После двух сумбурных недель на Готланде свадебное путешествие продолжилось, цель – санаторий в высокогорном норвежском Гёусдале. Поездка выдалась мучительной и долгой. Два дня они проводят в Осло, где видят Генрика Ибсена, направлявшегося к собственному столику в Grand Café. Далее предстоит девятичасовой путь до санатория. В Гёусдале им достается маленький коттедж – hytte, расположенный намного выше главного здания. Дора пребывает в невыносимо дурном настроении, но Лев делает все возможное, чтобы успокоить ее, читает вслух, водит на прогулки по живописным окрестностям.

Во время одной такой прогулки Дора внезапно забирается на большой камень и прыгает вниз на прямых ногах. Она вдруг становится белой, как снег. Ночью у нее начинается сильное кровотечение. Лев, полагавший, что врач из санатория при осмотре проявил необоснованную назойливость, срочно вызывает тестя. Вестерлунд объясняет происшедшее тем, что Доре вредно по несколько раз в день подниматься и спускаться по крутой лестнице, чтобы попасть в их домик. Необходим переезд в главное здание. И видимо, только к концу лета Лев догадался, что речь скорее всего шла о выкидыше.

Планы поехать в Англию после двух месяцев в Норвегии приходится забыть. Как только Дора набирается сил, они возвращаются в Швецию. Остаток лета проходит в более идилличной обстановке в имении Хальмбюбуда (Halmbyboda) прихода Фунбу, в миле от Уппсалы. В этом построенном в 1880-х величественном здании в стиле неоренессанс молодой Эрнст Вестерлунд появился в качестве домашнего учителя, чтобы потом выкупить поместье у родственников жены. Покой восстановлен, и здоровье юных супругов поправилось.
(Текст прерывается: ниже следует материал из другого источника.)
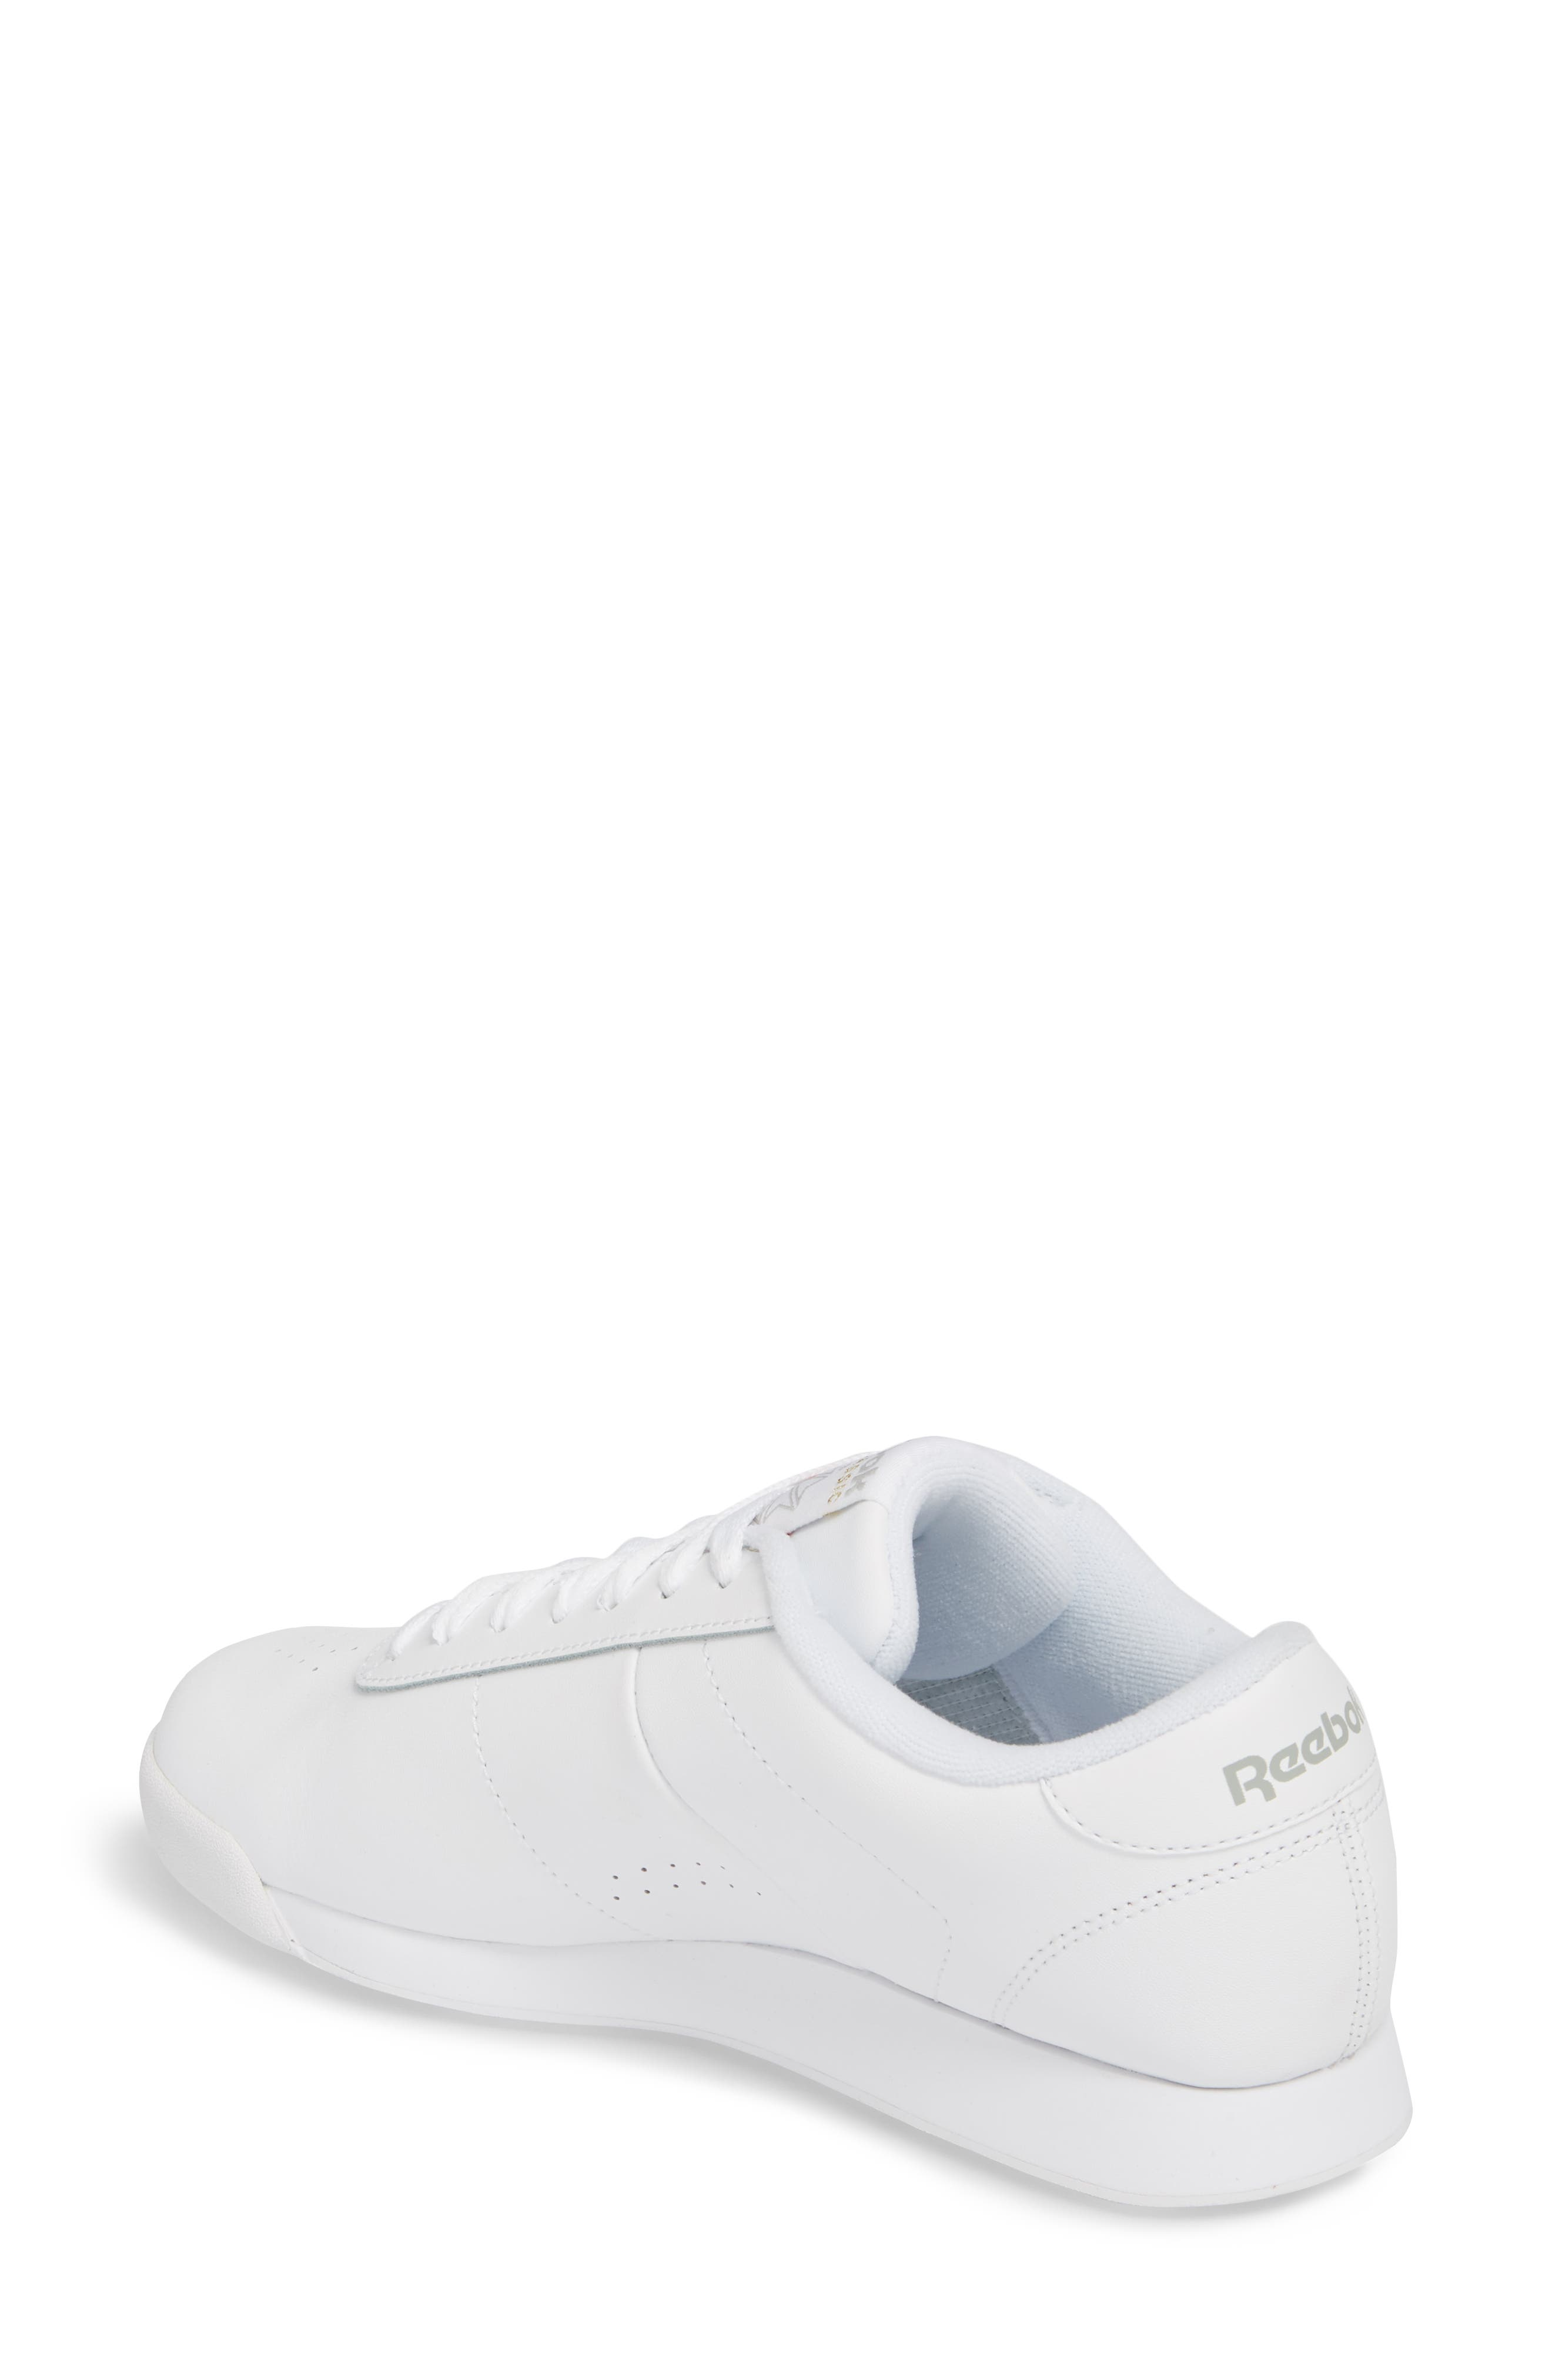 Princess Sneaker,                             Alternate thumbnail 2, color,                             WHITE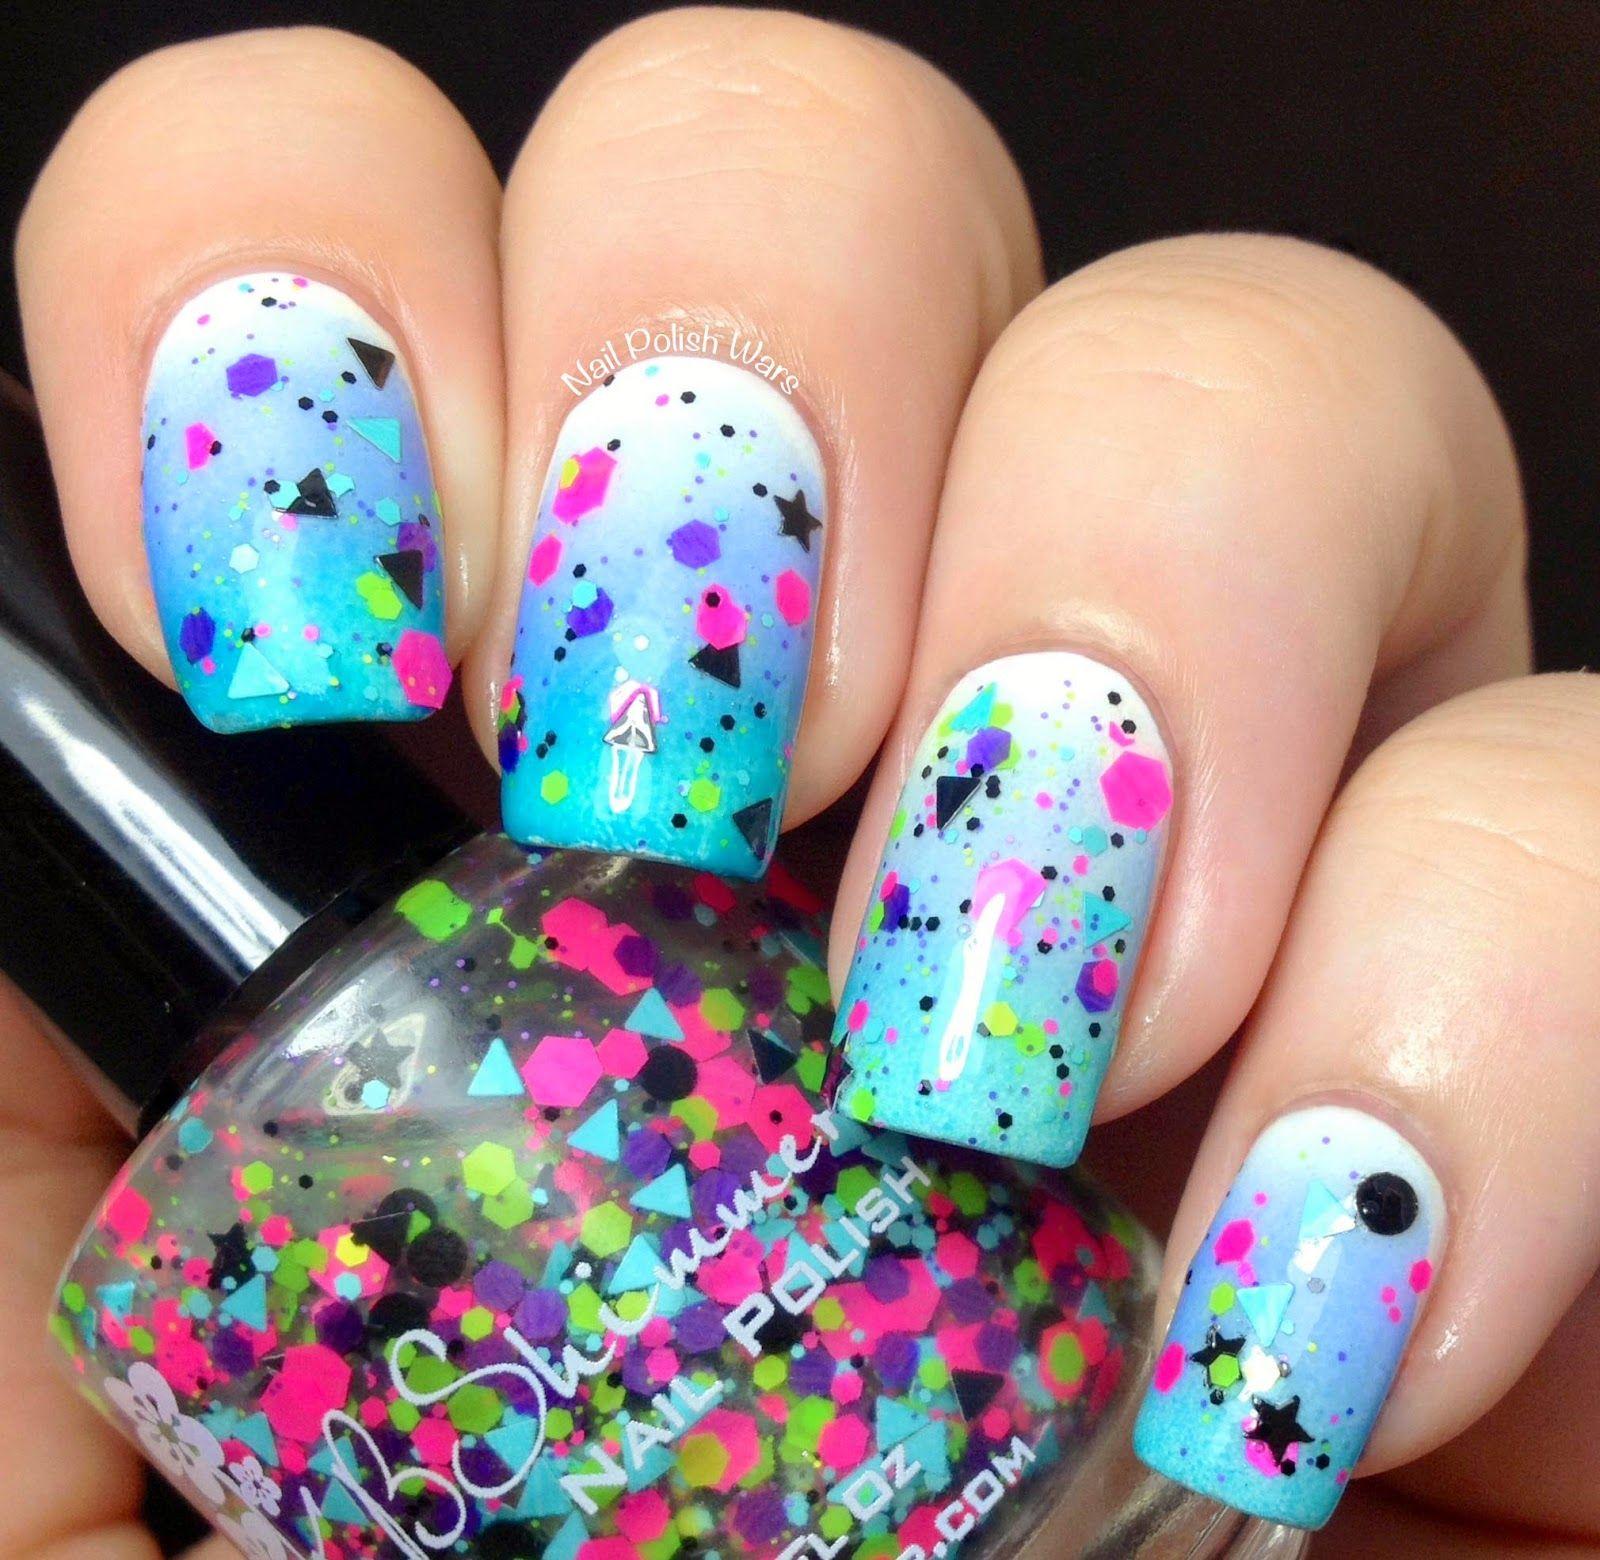 Graffiti Gradient | Hair & Make-Up | Pinterest | Graffiti and Makeup

Лев учит язык, постигает особенности жизни в Швеции, общается с тестем – теперь на равных. Но в сознание наведываются мысли о будущем. Где жить – в Швеции или в России? Вестерлунд считает, что Лев мог бы заняться хозяйством в Хальмбюбуде, но русского эта идея не прельщает. Девиз Вестерлунда «Работай и приноси пользу» он, разумеется, разделяет, но мечтает поселиться в Ясной Поляне и вслед за отцом вести хозяйство в имении и заниматься сочинительством.

Лев делится этими планами с матерью, но та быстро возвращает его с небес на землю. Во-первых, вопрос владения запутан и трудно разрешим: половина имения принадлежит Софье Андреевне, половина восьмерым детям. Родители живы и, хотя отец с сыном в письмах уверяют друг друга в любви, на месте между ними неизбежно возникают конфликты. Софья Андреевна была реалисткой: обзаведитесь собственным имением и живите собственной жизнью. Так будет спокойнее всем. А вернувшись домой, ты наверняка снова заболеешь. Льву приходится согласиться. Ясная Поляна – необъятное поле деятельности. Заставляет задуматься и новость о желании отца быть похороненным в Ясной Поляне. Не превратит ли это Ясную Поляну в место паломничества, где невозможна нормальная семейная жизнь?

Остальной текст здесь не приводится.